Stacey (right) is a Neurology Clinical Nurse Specialist (CNS) working in the Headache Clinic. Her role sees her support families and parents, acting as a port of call if they have any queries or need medication changes between appointments. She also liaises with schools and paediatricians to educate them about a child’s headache condition so that they can better support young people affected.
Jo is a Trainee Advanced Nurse Practitioner for Neurology and the Headache Clinic. Adopting some of the same duties as Stacey, additionally Jo sees patients in follow up clinics, administers specific headache treatments, provides telephone consultations and supports the ward patients.
Caring for children and young people with migraines
Stacey explains the remit of the Headache Clinic at GOSH: “We have about 600 patients in our clinic, and we saw 120 new patients last year alone. One in seven people have migraine, and we know that one in five will experience symptoms before their fifth birthday – so that’s a huge bulk of the population.”
Jo adds: “We are the only headache clinic exclusively for paediatric patients. We tend to see patients with severe or complex headache conditions. The youngest patient we’ve seen was three years old and the cohort ranges in age, right up to transition just before they turn 18. Symptoms that we see in young children can be quite different to the adolescents, and for long term patients we tend to see symptoms change and evolve over time. For the younger children, we have to try to interpret as best we can, as they may use their own words or actions to describe what they are feeling - we often use drawing and play to tease out the symptoms.”
The Headache Clinic takes a multidisciplinary approach to its service, providing more than just medical care: “We have two doctors, two nurses and two clinical psychologists.
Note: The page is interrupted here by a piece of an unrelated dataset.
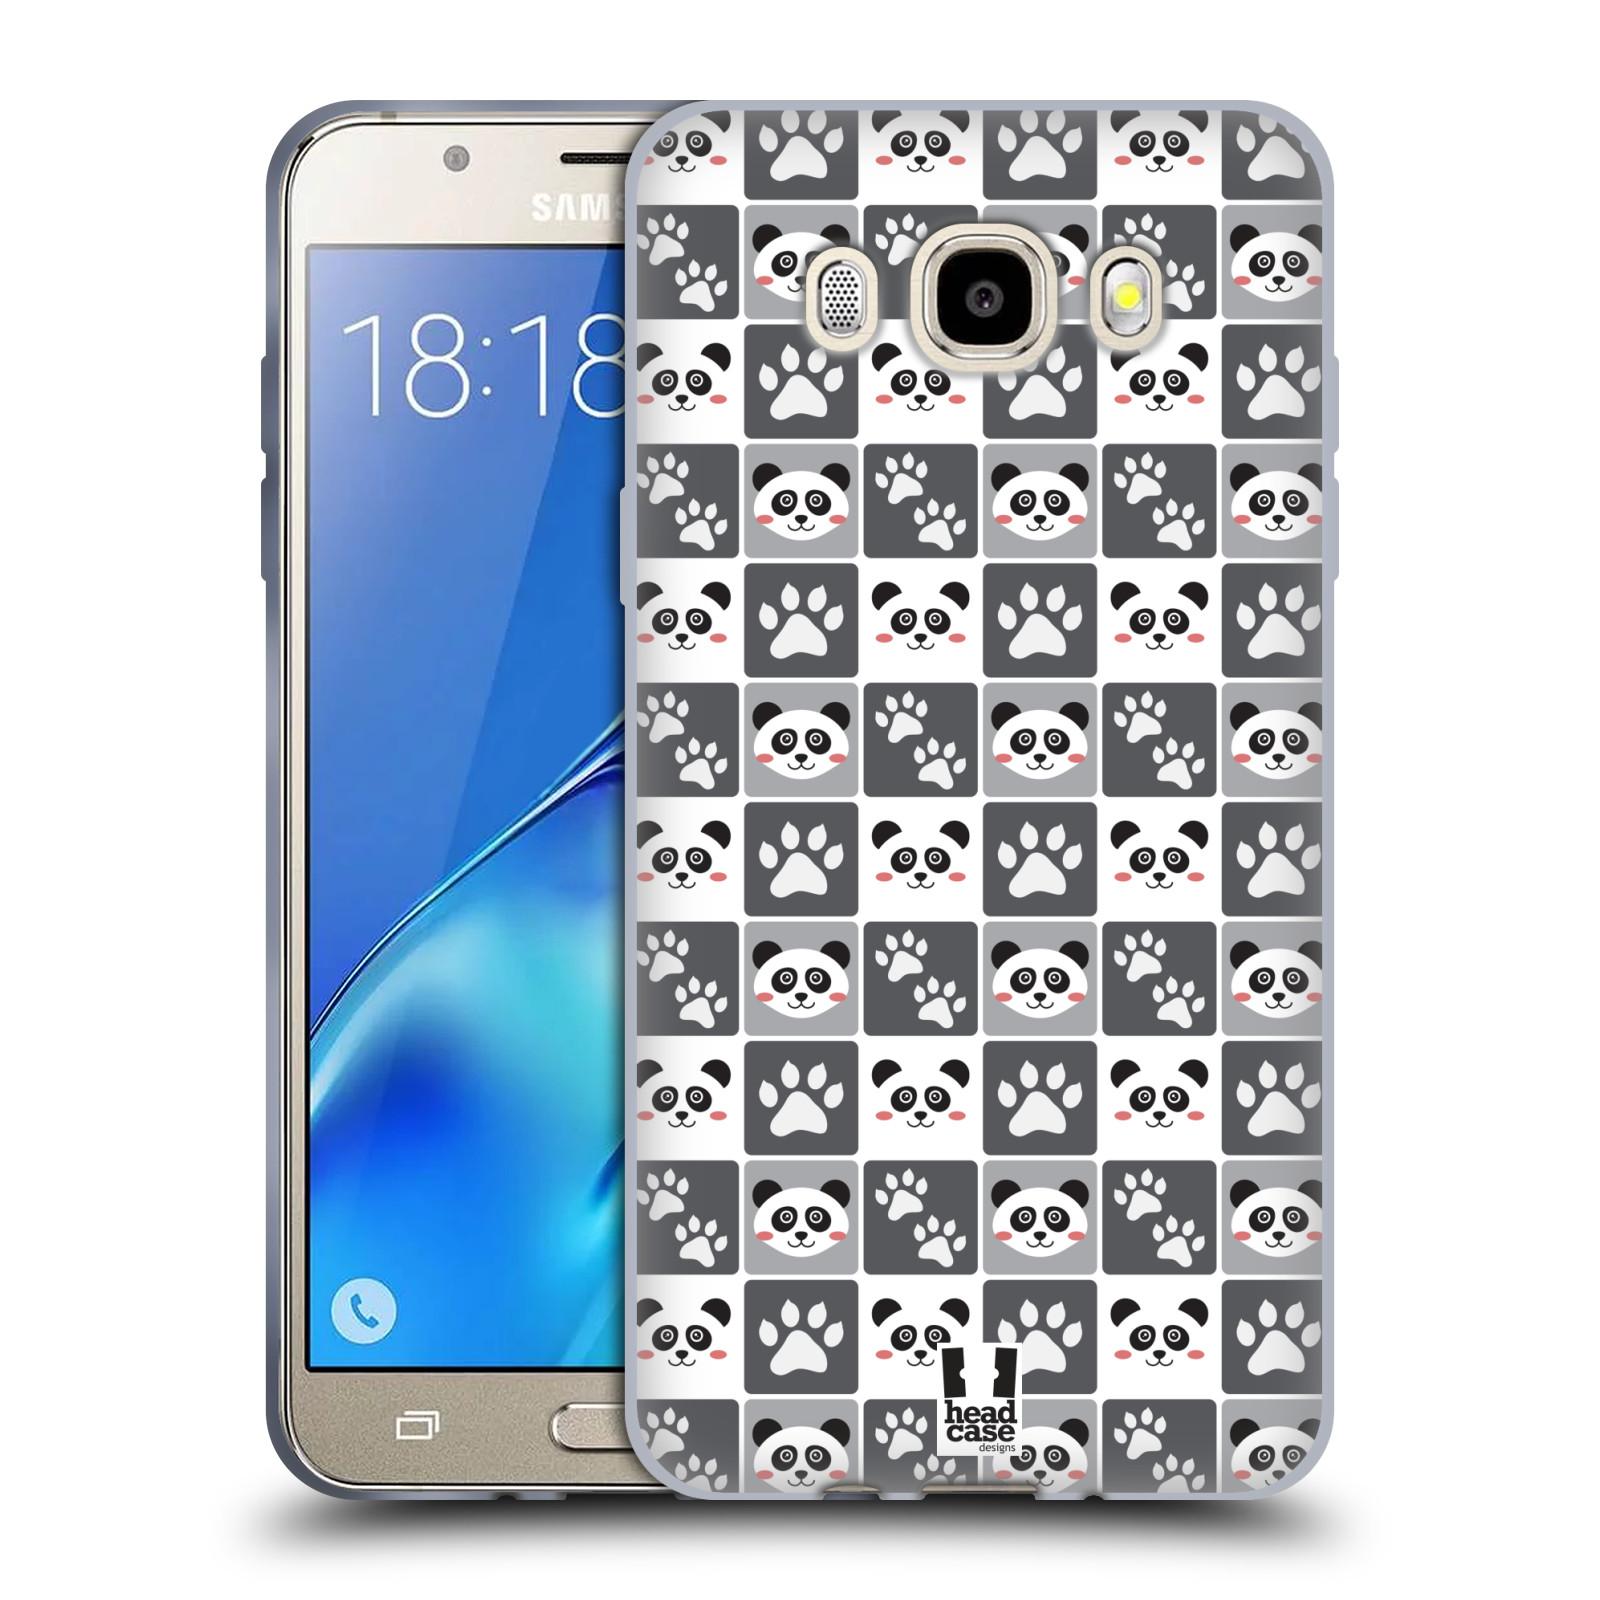 HEAD CASE silikonový obal, kryt na mobil Samsung Galaxy J5 2016, J510, J510F, (J510F DUAL SIM) vzor Zvířecí razítka MEDVÍDEK PANDA
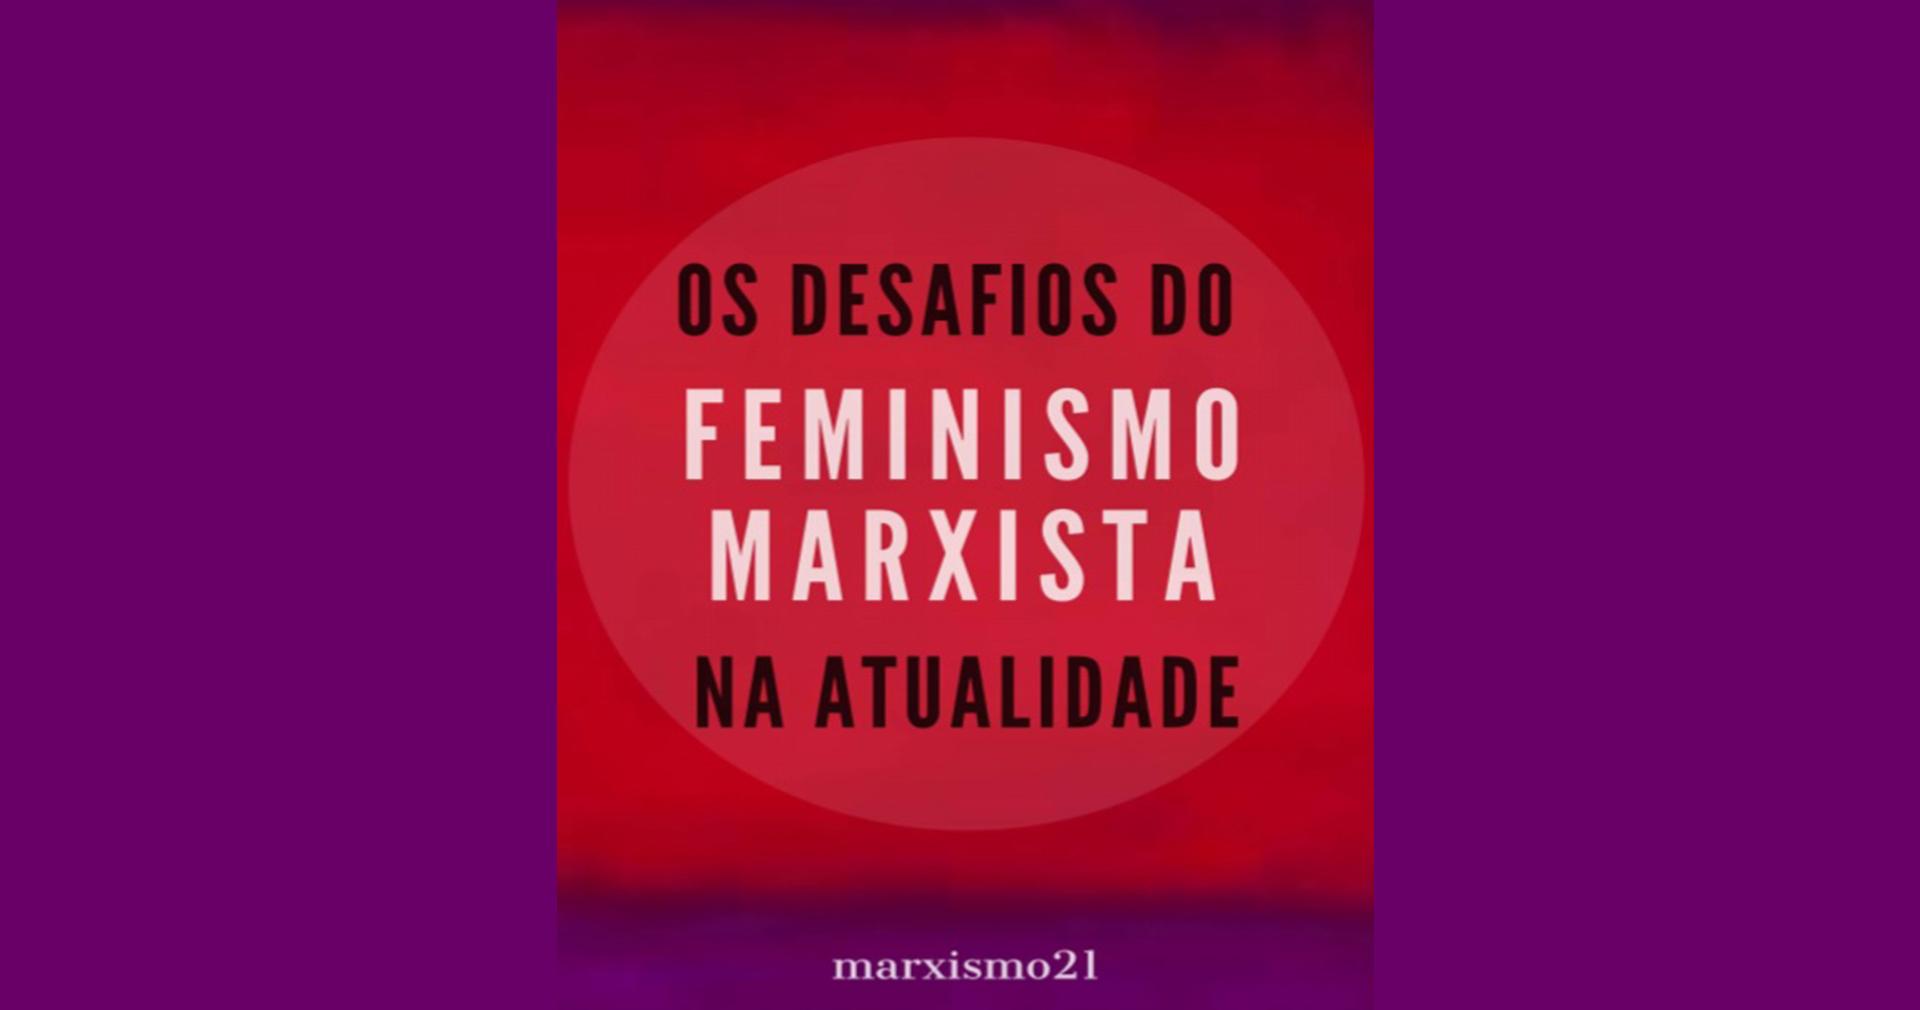 Os desafios do feminismo marxista na atualidade

We can offer preventive and acute treatments, but we know that they will not cure the condition and at most will only help improve symptoms by 50%, so our psychologists do a lot of work in helping children and young people to accept and function with their condition.
“Helping the young people to deal with their chronic condition day-to-day is key, as it can be very disabling and tricky for them. We can give medicines but it’s equally, if not more, important that they learn strategies and management techniques,” explains Stacey.
More than ‘just a headache’
100,000 people are absent from work or school every day as a result of migraines, contributing to 25 million lost work or school days every year. Both stress that migraine is a disabling condition and not something that adults or young people should feel that they should just ‘get on with’:
“They should go to their GP initially and children and young people should be seen by a paediatrician if their migraine is impacting on their ability to function as expected. We have a lot of people come to see us, who are missing school and are worried that they will be unable to reach their potential if they don’t get the correct diagnosis and treatment for migraine,” Jo says.
Stacey adds: “People think of migraine as just as headache, but it’s a brain condition due to all the other symptoms that go along with it - dizziness, visual disturbances, nausea and some rarer migraines can cause limb and facial weakness too.
“I think it’s important to spread awareness of the strategies that are really easy to implement but can have a big impact. People often underplay their symptoms and struggle on with it but there are some simple things that can be done. Having a regular routine is a key strategy – regular wake up, sleep and mealtimes can be really helpful to regulate your migraine.”
Research into migraines
Jo explains some of the research areas the clinic has been involved with related to migraines and headache conditions, including being involved in a new clinical trial: “We have an upcoming trial for an injection that has been designed specifically for the treatment of migraine. The treatment is given as a once a month injection and it has had very positive outcomes in the adult population. This will be the first paediatric trial for a migraine specific preventive medication, where treatment has been developed following research investigating what causes migraine. In the past we have used preventive medications that were originally designed for another purpose and then found to help migraine sufferers by chance.
“There is also a lot of research going on outside of GOSH into the pathophysiology of migraine – how migraine is initiated and perpetuated and where in the brain the various symptoms generate from. We know now that there are different areas of the brain and chemicals involved in causing the condition, making it a complex condition.”
A warning around Medication Overuse Headaches
Both Stacey and Jo are keen to issue a word of warning to adults and young people alike who are experiencing migraines when it comes to using relieving medication:
“If you use any treatments such as Paracetamol, Ibuprofen or a Triptan for more than two days a week each they can actually increase headache and make headache worse,” explains Stacey.
Jo adds: “It’s called Medication Overuse Headache. It’s a secondary headache condition caused by the acute medicine being taken too often, causing a rebound headache. Sticking to a two-day-rule, e.g. stick to two days of each medication a week, no more; you can stop that additional headache which can be hugely disabling.”
Stacey concludes “Your routine and lifestyle is something you can look to regulate and alter - together those two things can make a huge difference.”